(INPUT DATA):
▽
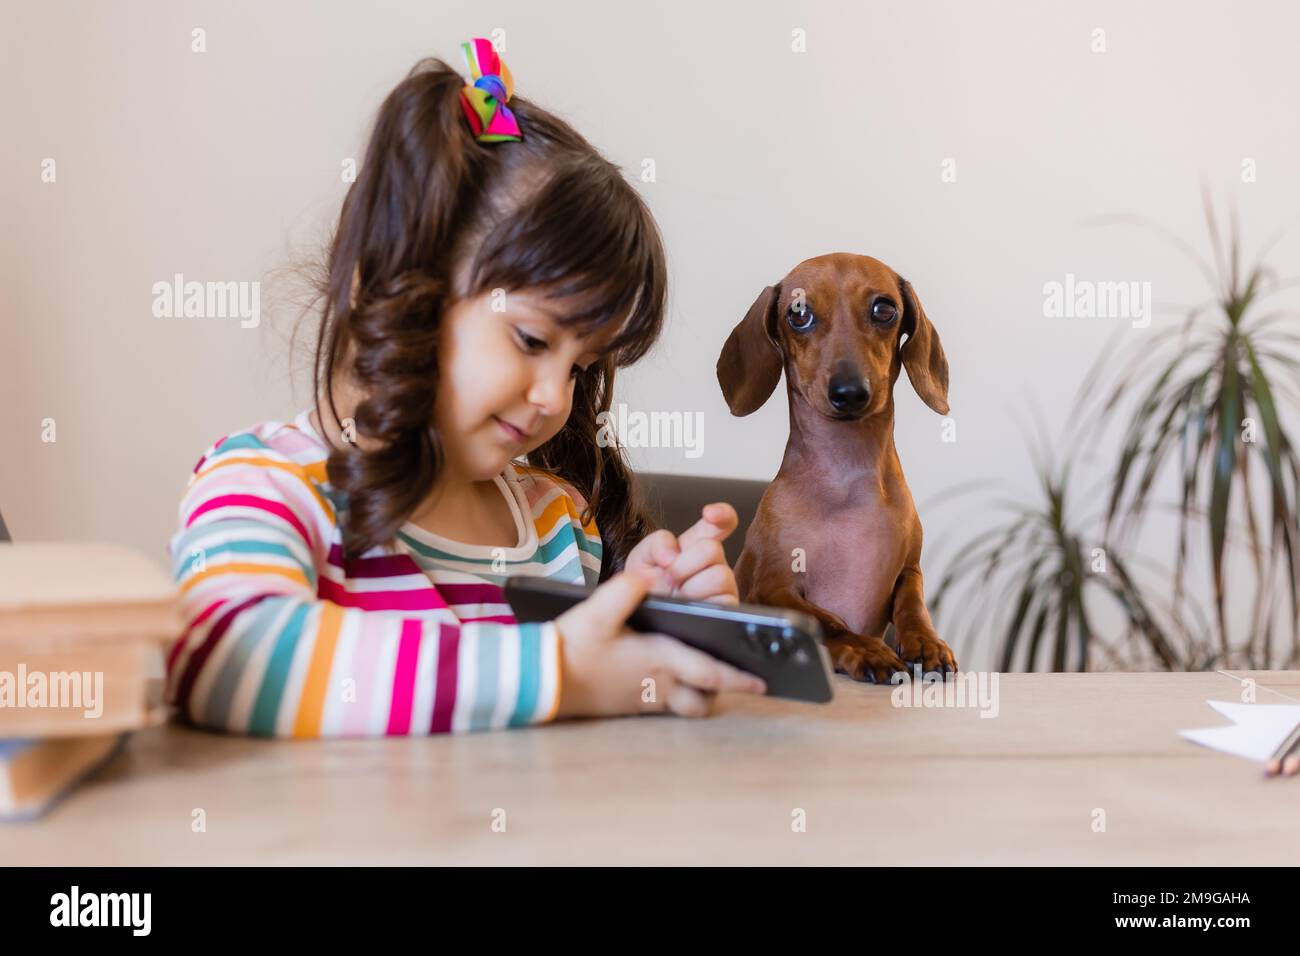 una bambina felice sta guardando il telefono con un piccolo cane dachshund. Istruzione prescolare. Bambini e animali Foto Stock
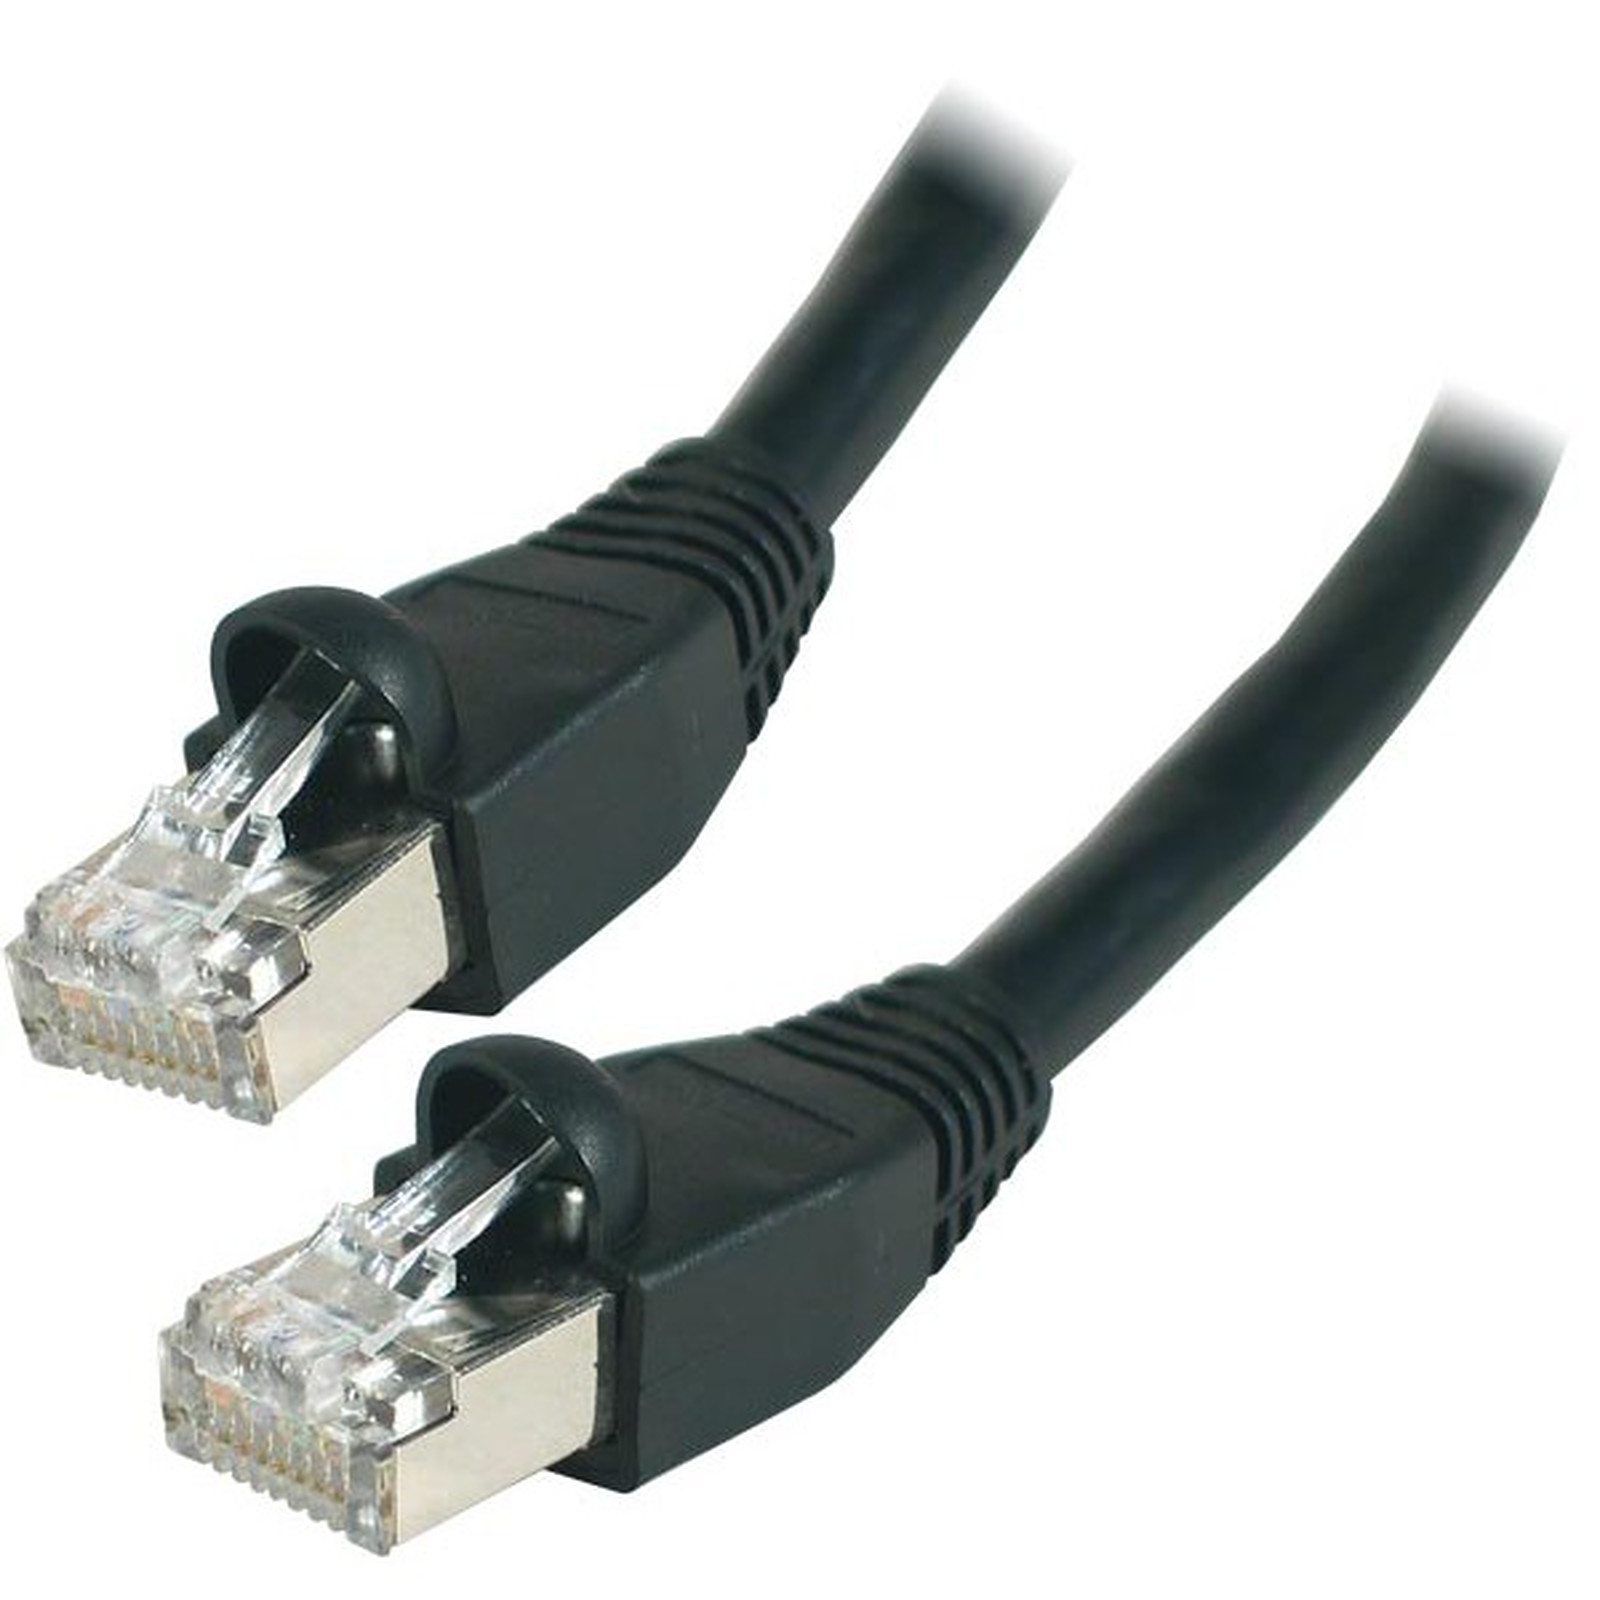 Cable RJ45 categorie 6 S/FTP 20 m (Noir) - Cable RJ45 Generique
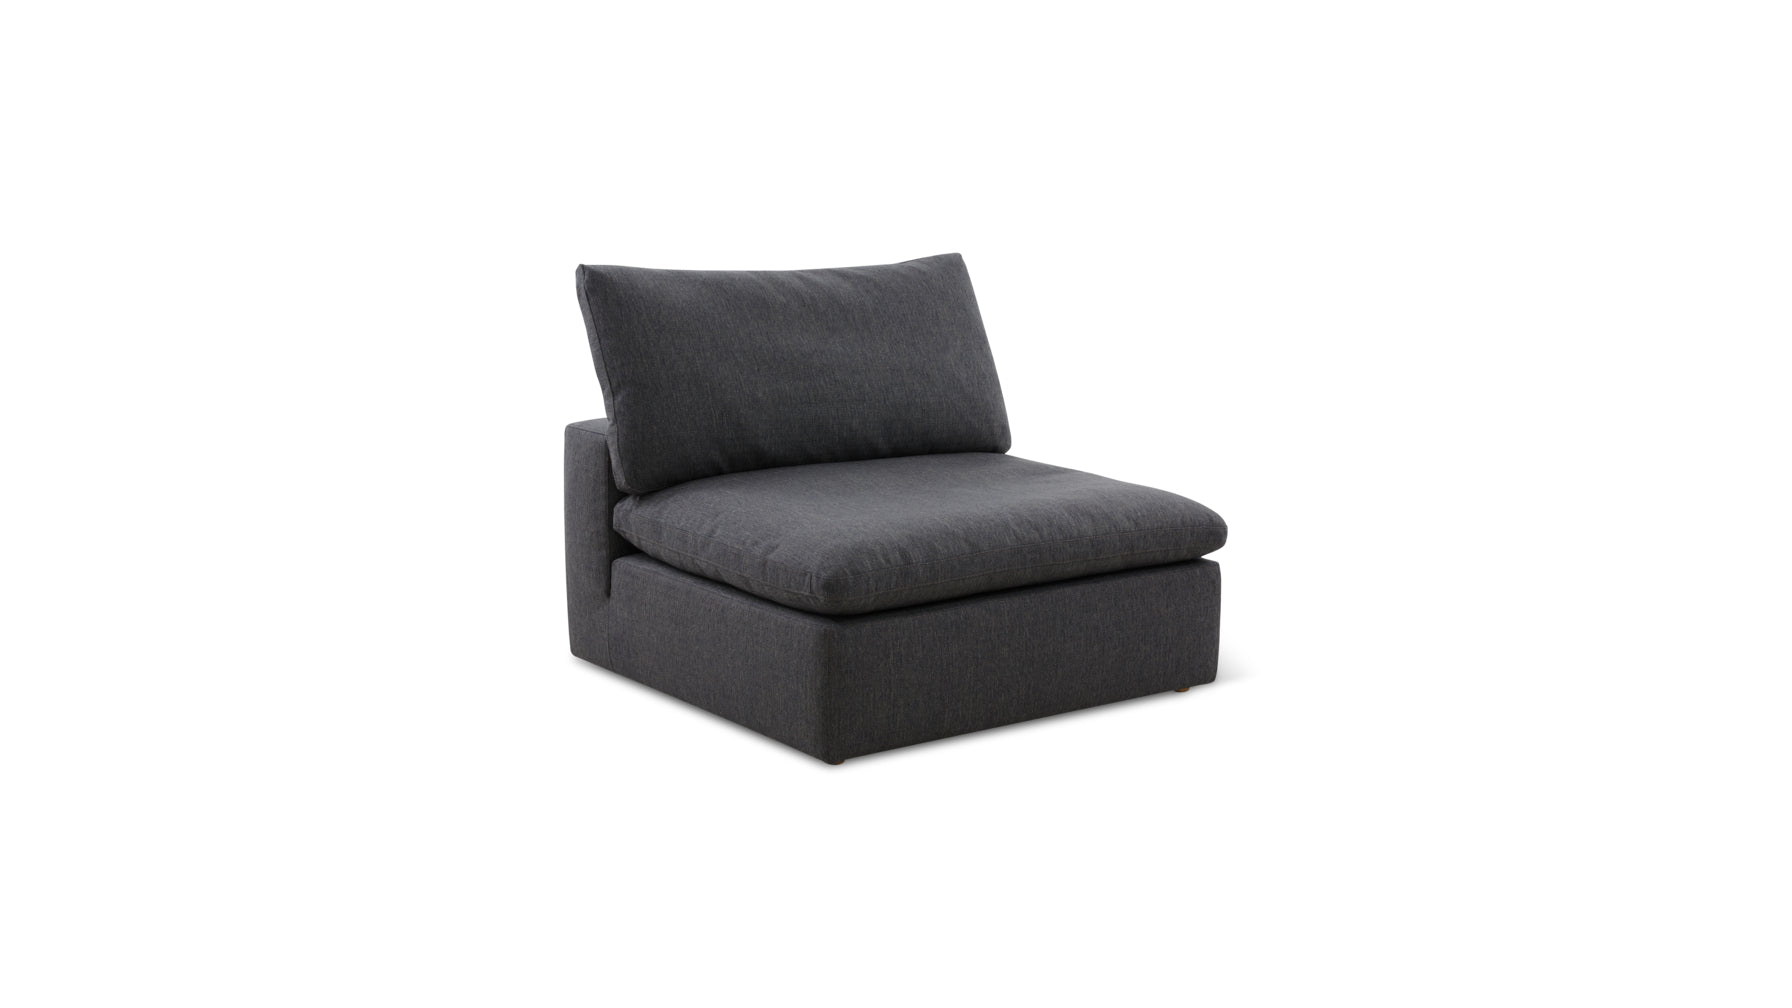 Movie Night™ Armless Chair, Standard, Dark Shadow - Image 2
△
Line by line, reproduce the material above exactly, leaving each picture out.

 una bambina felice sta guardando il telefono con un piccolo cane dachshund. Istruzione prescolare. Bambini e animali Foto Stock
 Cable RJ45 categorie 6 S/FTP 20 m (Noir) - Cable RJ45 Generique
 Movie Night™ Armless Chair, Standard, Dark Shadow - Image 2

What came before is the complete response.